UserWarning: Detected call of `lr_scheduler.step()` before `optimizer.step()`

HripsimeS · October 31, 2022, 1:11pm

Hello. I received the following error during training for object detection:

UserWarning: Detected call of lr_scheduler.step() before optimizer.step(). In PyTorch 1.1.0 and later, you should call them in the opposite order: optimizer.step() before lr_scheduler.step(). Failure to do this will result in PyTorch skipping the first value of the learning rate schedule.

I checked in the training script optimizer.step() is before lr_scheduler.step(), but for some reason I stiill get that error and eventually I get NAN values for box_loss, obj_loss, cls_loss. Please find here the initial training script Computer-Vision/train.py at main · HripsimeS/Computer-Vision · GitHub

Can you help me to understand how to fix the issue to not get NAN values. Hope to hear soon!

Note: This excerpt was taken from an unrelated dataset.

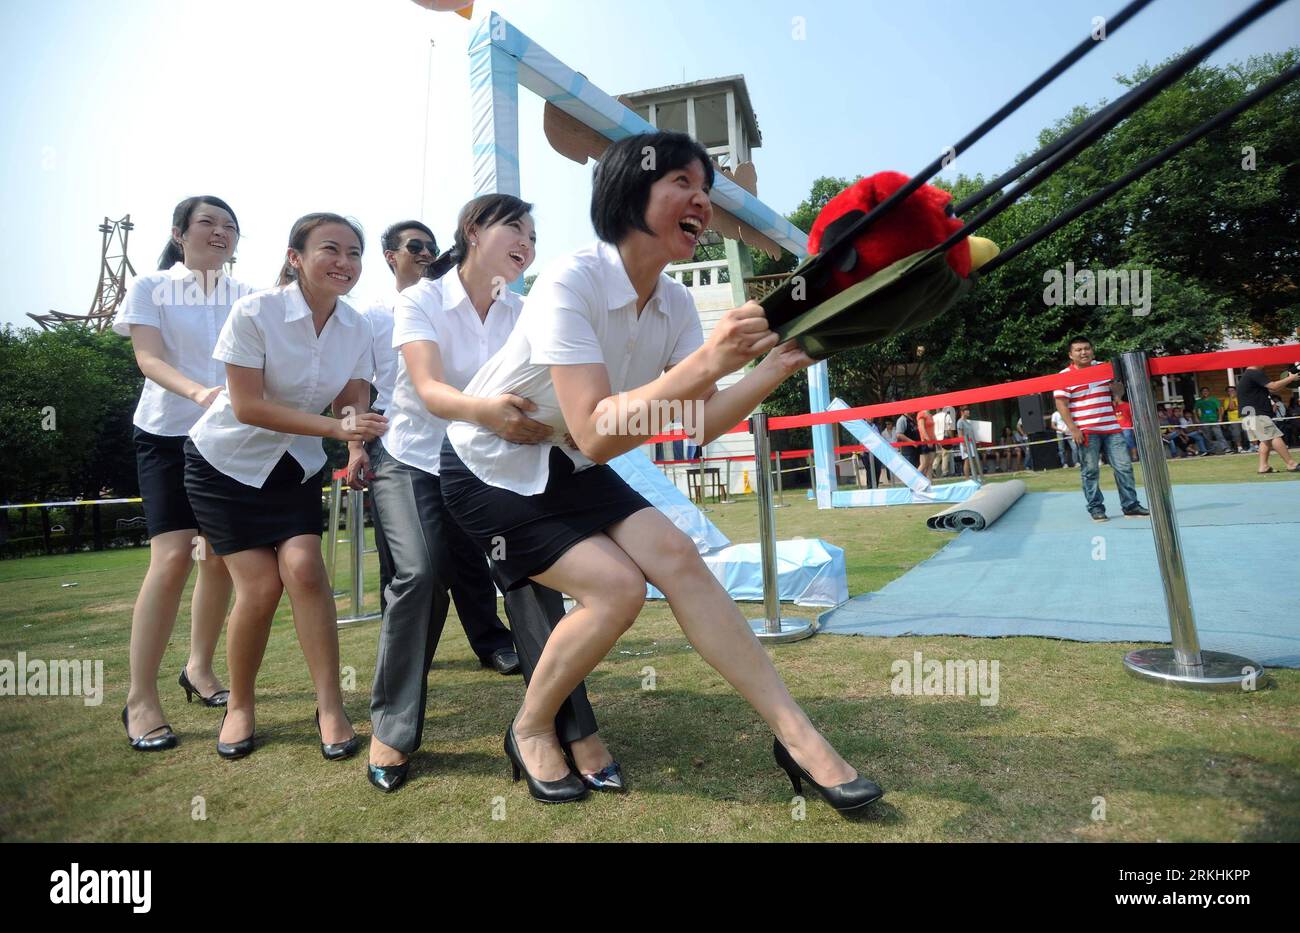 Bildnummer: 55855758  Datum: 30.08.2011  Copyright: imago/Xinhua (110830) -- CHANGSHA, Aug. 30, 2011 (Xinhua) -- Players prepare to shoot out an angry bird during a real life angry bird game in a theme park in Changsha, capital of central China s Hunan Province, Aug. 30, 2011. Angry birds, balloon pigs, huge slingshot and castles made of toy bricks were set up here for the real life angry bird game recently. (Xinhua/Li Ga) (zn) CHINA-HUNAN-CHANGSHA-REAL LIFE GAME-ANGRY BIRD (CN) PUBLICATIONxNOTxINxCHN Gesellschaft Kultur Freizeitpark Spiel kurios Komik Computerspiel live real xda 2011 quer Auf Stock Photo

ptrblck · October 31, 2022, 7:09pm

Most likely some optimizer.step call are skipped as you are using amp which can create invalid gradients if the loss scaling factor is too large and will thus skip the parameter updates. You could check for loss scaling value before and after the scaler.update() call to see if it was decreased. If so, you could use it to skip the scheduler.step() call as well.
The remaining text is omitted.